Once again, the final years of the Soviet Bloc offer a striking illustration. Prior to Gorbachev’s reforms of 1985 informed citizens of the Soviet Bloc refrained from criticizing official economic policies, for fear of reprisals. They also refrained from publicizing the gains achievable through privatization and liberalization. Under the circumstances, the majority of the population believed that communism offered a better future than capitalism. Once Gorbachev’s restructuring (perestroika) and openness (glasnost) campaigns got under way, people already conscious of the prevailing inefficiencies took to speaking their minds in increasing numbers. In the process, awareness of the advantages of reforms started to spread. Thus, two dramatic transformations unfolded in tandem: a meteoric rise in awareness of the potential gains from reforms and a vast expansion of public discourses pointing to those gains. Each transformation reinforced the other.

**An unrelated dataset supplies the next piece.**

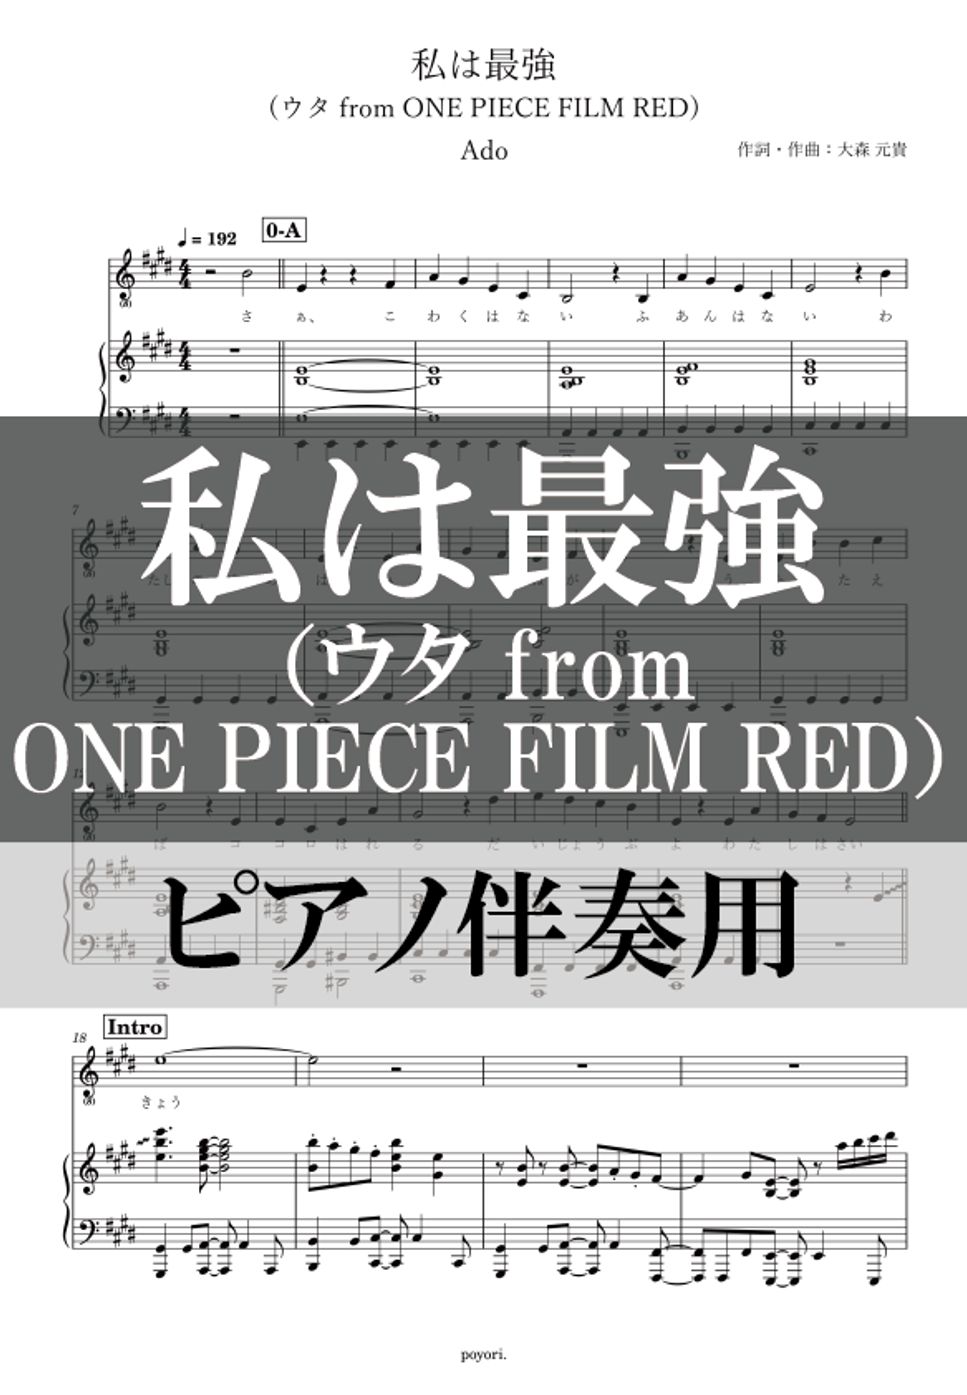 Ado - 私は最強 (ピアノ伴奏) by poyori.

Why is this history relevant to the present challenge of improving Muslim-Western relations? Like Soviet Bloc players of the past, those engaged in present struggles over Muslim-Western relations “define gain” through interactions with others.  A Pakistani growing up in a Taliban-dominated region does not form his opinions about the costs and benefits of local policy options freely, or by himself. Likewise, the Christian who believes that a “zero-sum” religious war is under way does not learn about Islam in isolation from others. What these adversaries read, hear, investigate, and discuss is constrained by their respective social environments. Each is bombarded with information selected to support a particular perception of what is right and beneficial. And each is surrounded by people who are reluctant to question dominant opinions. Thus, where ignorance about the potential gains from Muslim-Western cooperation is widespread, a major reason is that information consistent with those gains is getting filtered out of critical public discourses.

Ignorance and misperception are hardly the preserves of the pious or the poorly educated. In rich countries many secular and well-educated people believe earnestly that agricultural subsidies protect the family farm; in fact, the benefits go overwhelmingly to huge corporations whose shareholders live mostly in cities. Many Western misperceptions about Islam and Islamic history, like Muslim misperceptions about the West, are shared by privileged elites.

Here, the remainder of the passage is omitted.